# What you will do:
Scan the material and copy every line in which "your" appears.

# Material supplied:
____

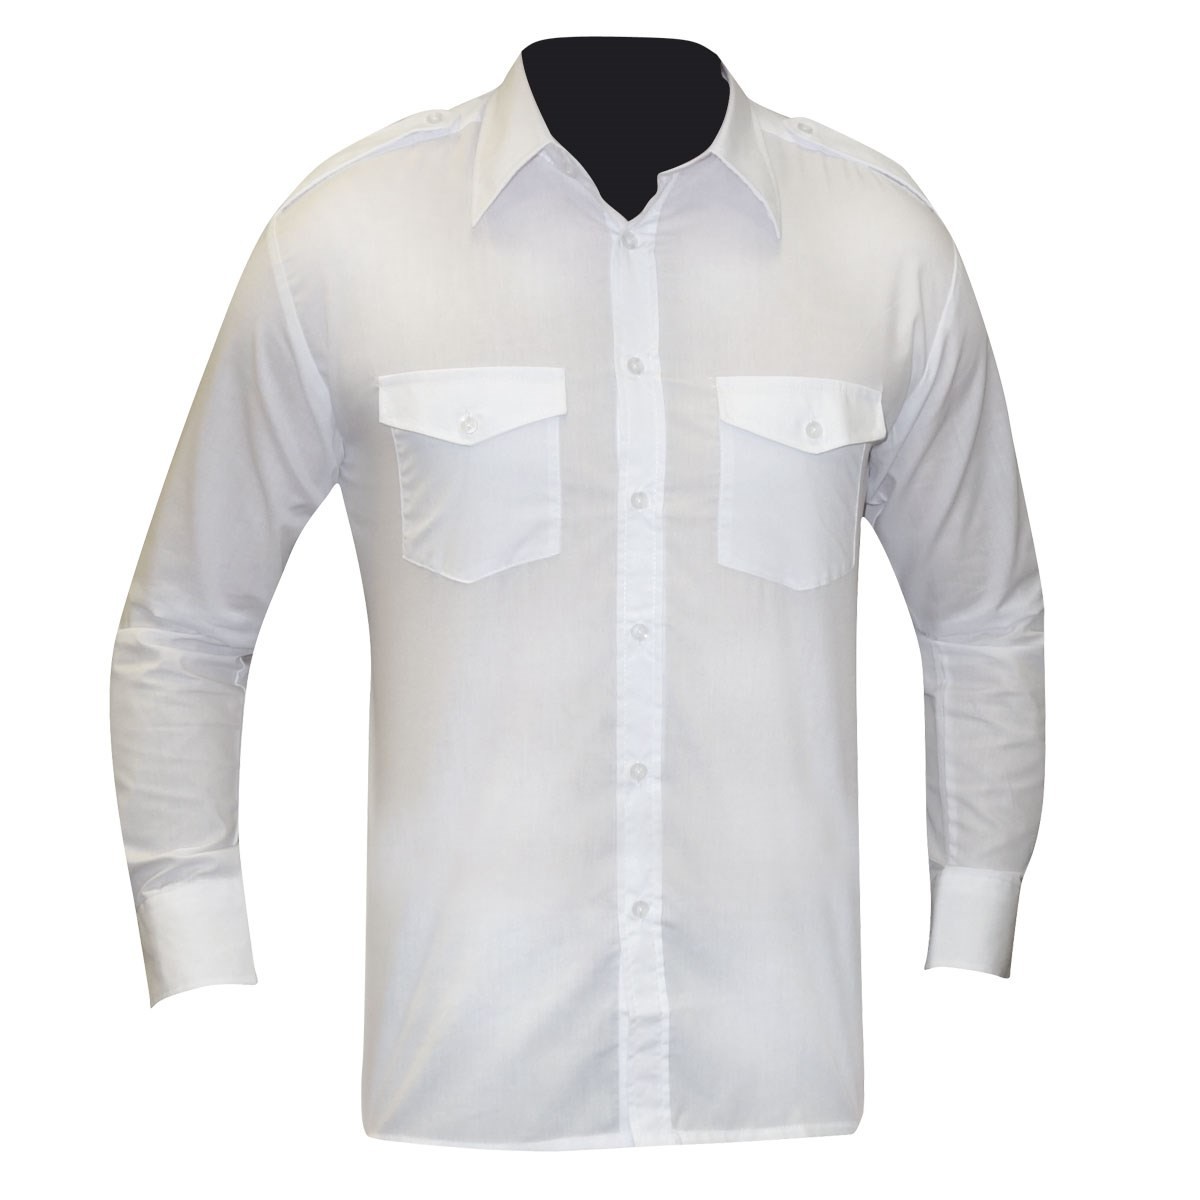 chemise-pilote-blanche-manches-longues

____

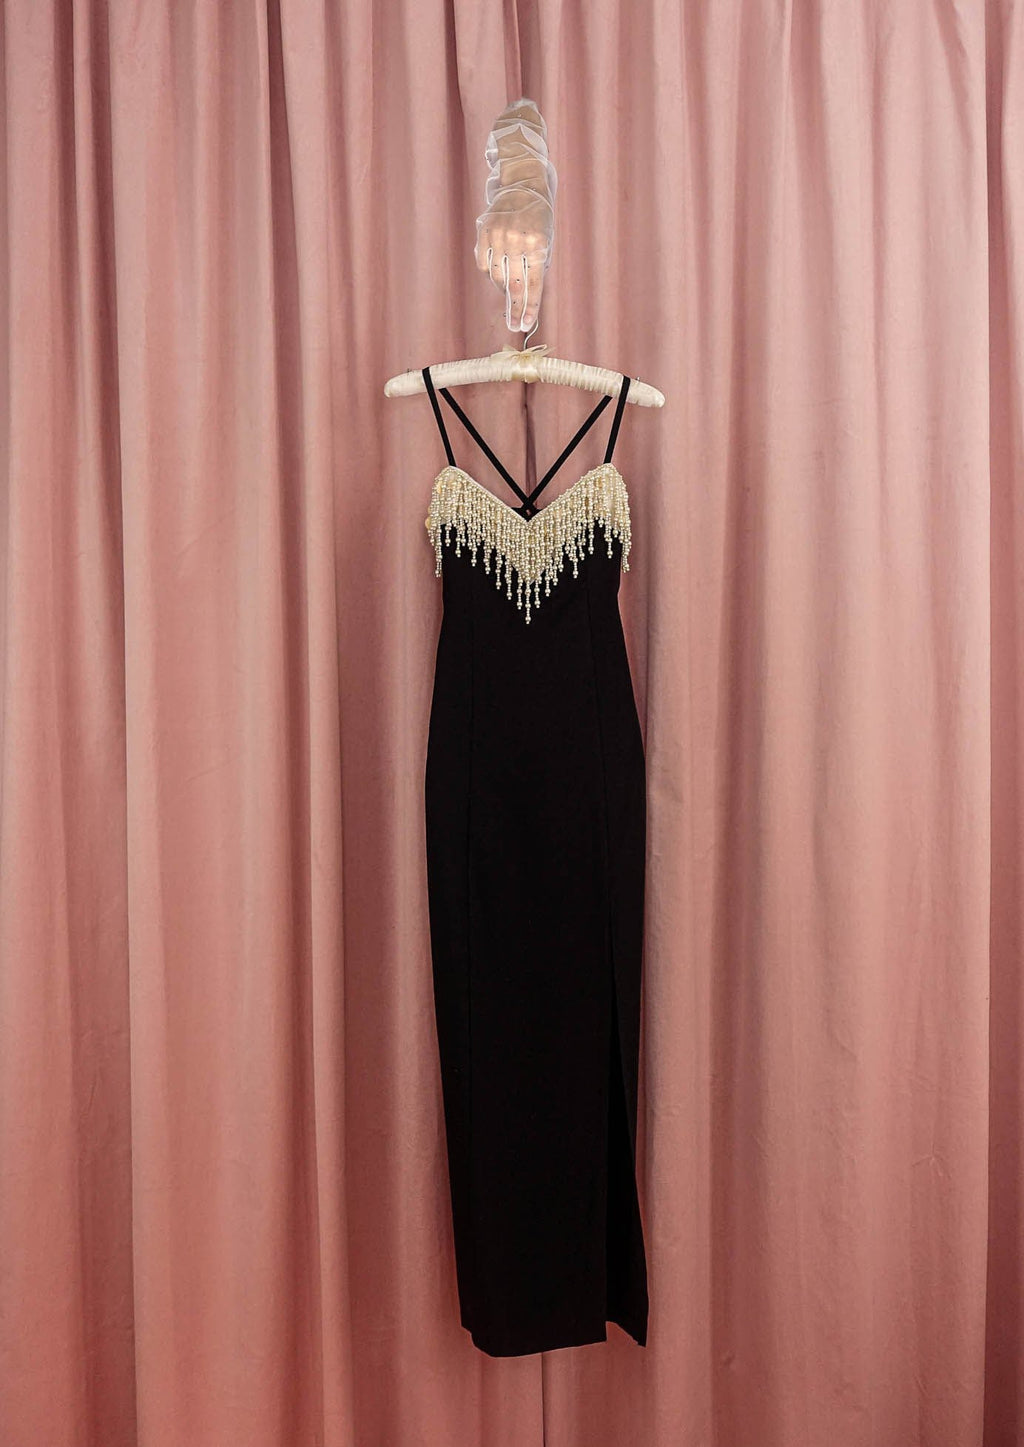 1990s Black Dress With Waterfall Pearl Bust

____

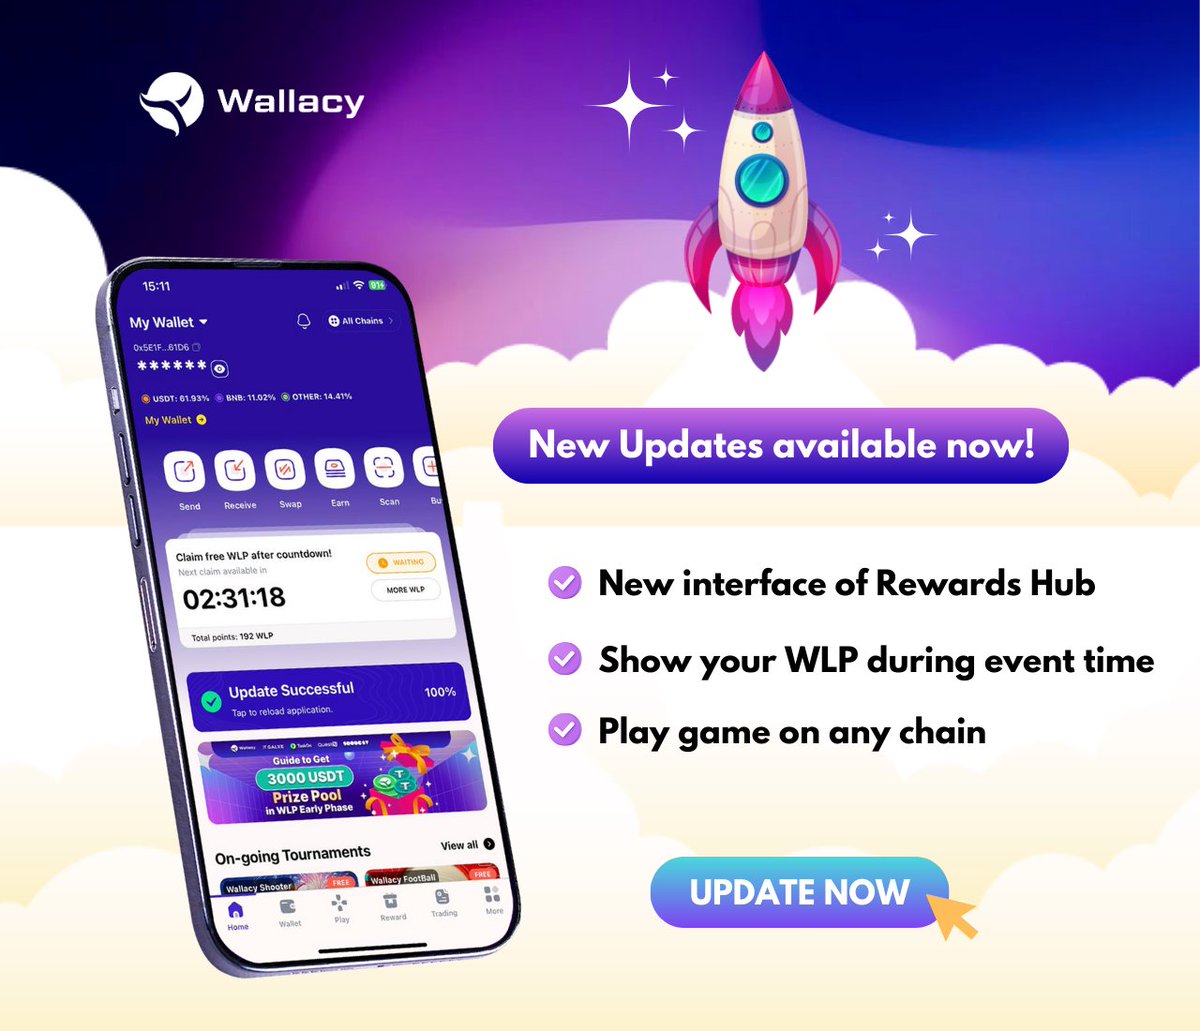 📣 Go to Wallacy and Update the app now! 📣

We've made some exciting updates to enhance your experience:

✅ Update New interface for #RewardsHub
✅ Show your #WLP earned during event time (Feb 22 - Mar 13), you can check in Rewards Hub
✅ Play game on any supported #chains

____

# Response below:
We've made some exciting updates to enhance your experience:
✅ Show your #WLP earned during event time (Feb 22 - Mar 13), you can check in Rewards Hub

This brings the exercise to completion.